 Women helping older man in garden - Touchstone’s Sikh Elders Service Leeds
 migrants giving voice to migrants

= = = = =

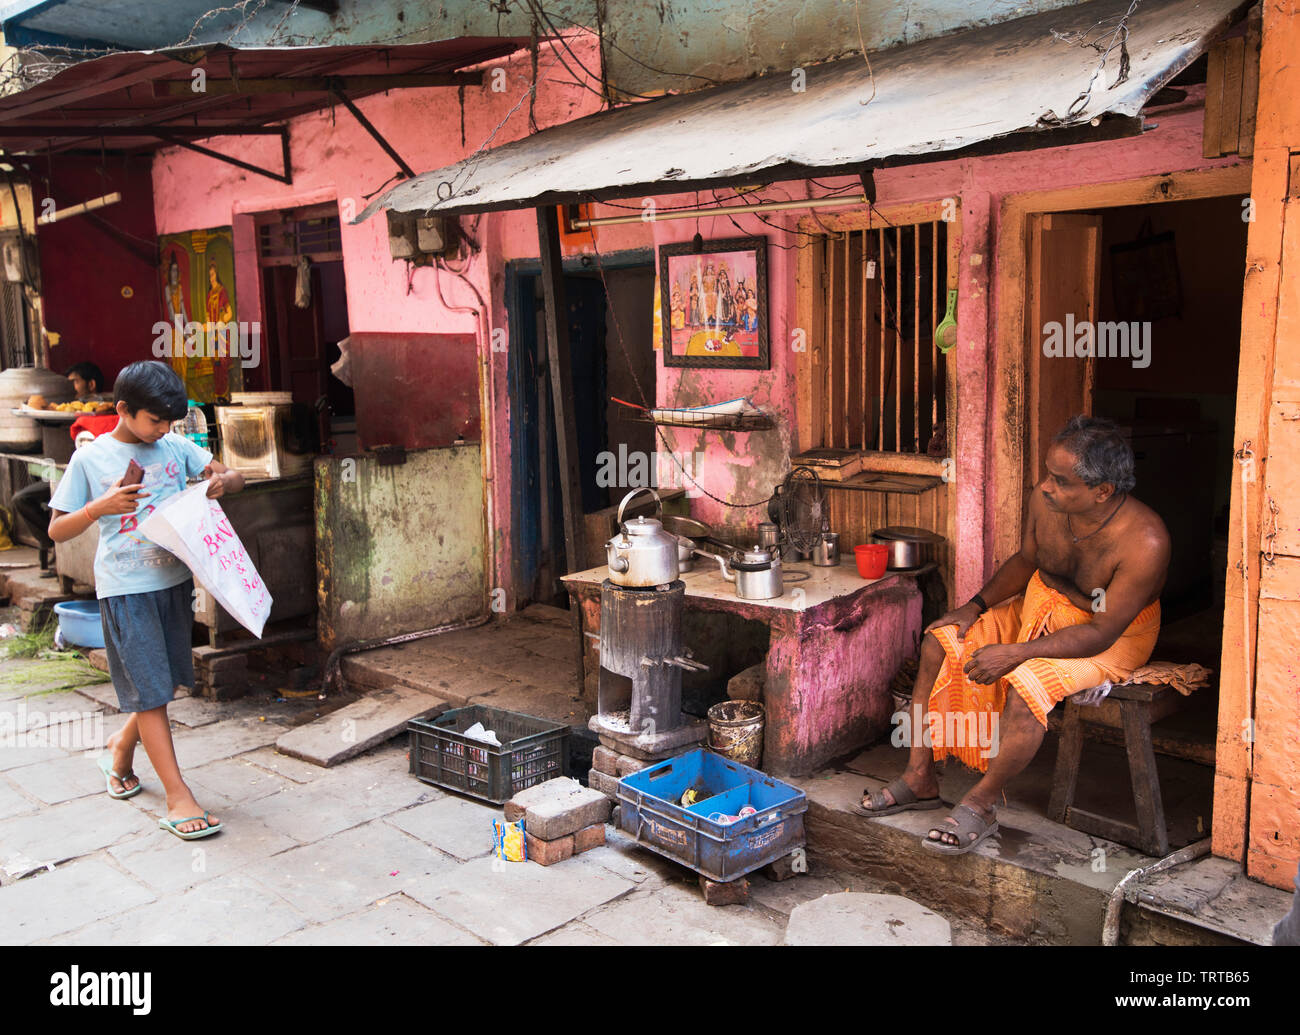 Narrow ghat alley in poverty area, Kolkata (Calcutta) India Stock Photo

= = = = =

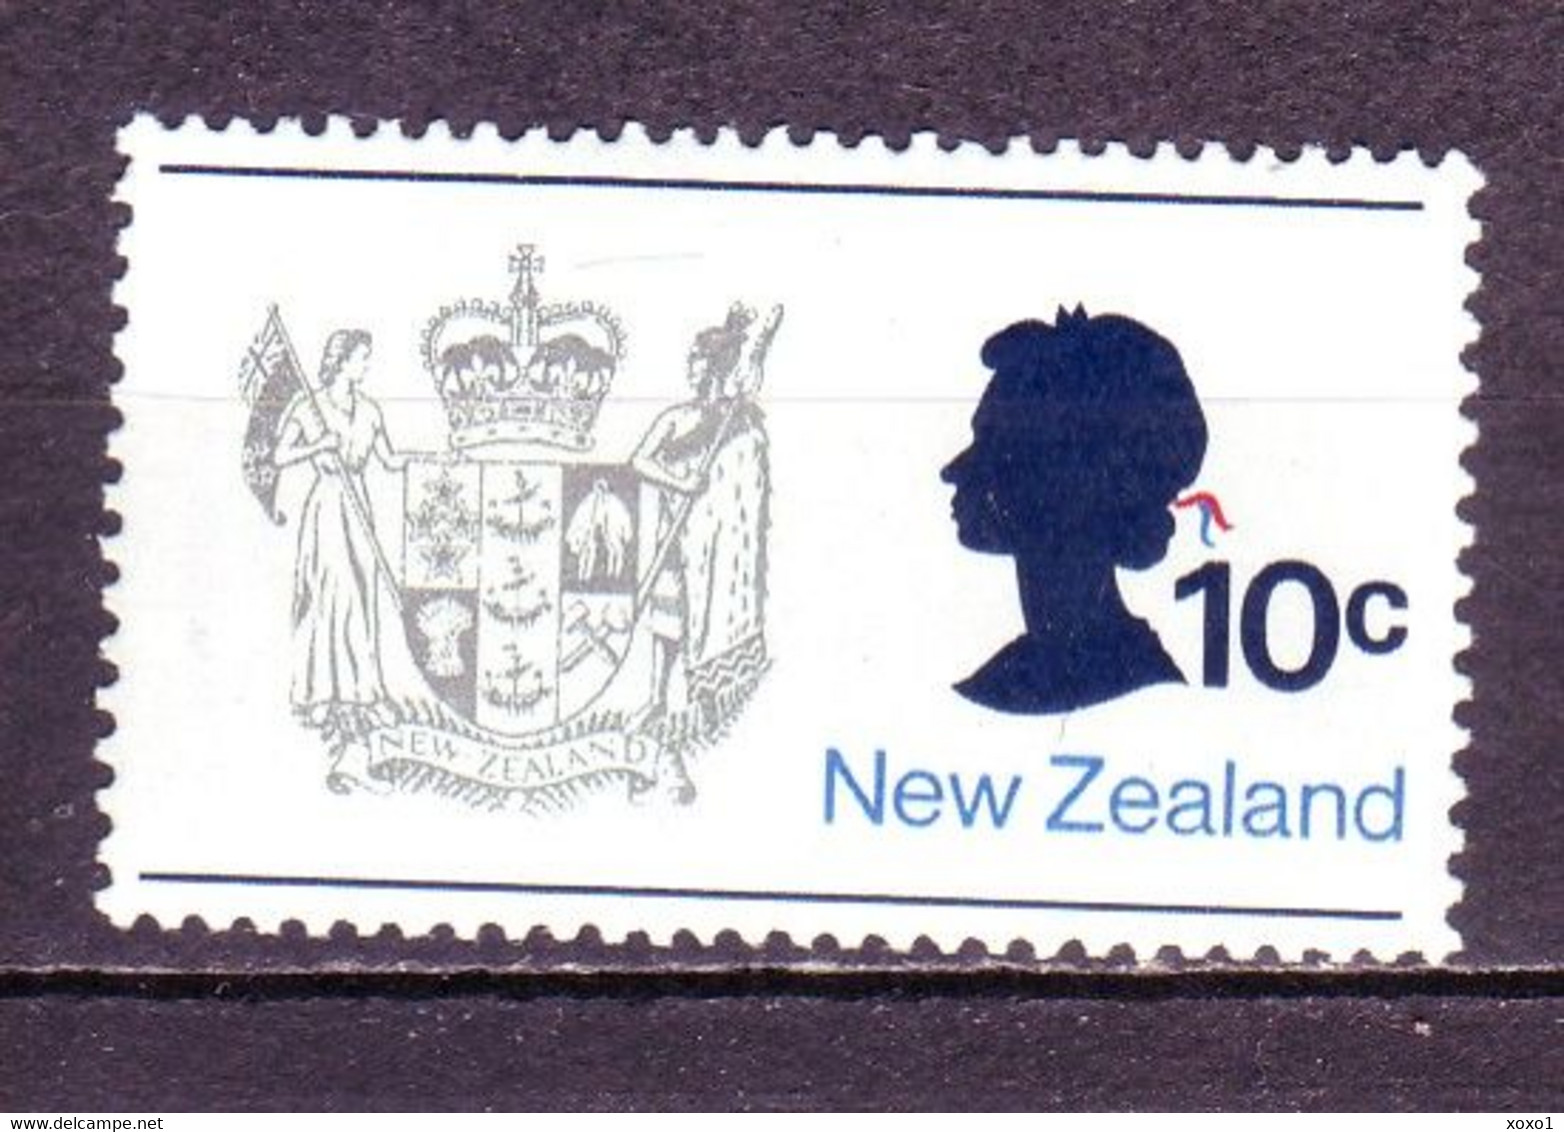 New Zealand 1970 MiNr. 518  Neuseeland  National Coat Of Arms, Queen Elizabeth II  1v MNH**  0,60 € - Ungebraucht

= = = = =

* TASK DETAILS *
Output the lines of the records above exactly as they appear, from the line containing "Women helping older" through the line containing "migrants giving voice to migrants".

* RESULT *
 Women helping older man in garden - Touchstone’s Sikh Elders Service Leeds
 migrants giving voice to migrants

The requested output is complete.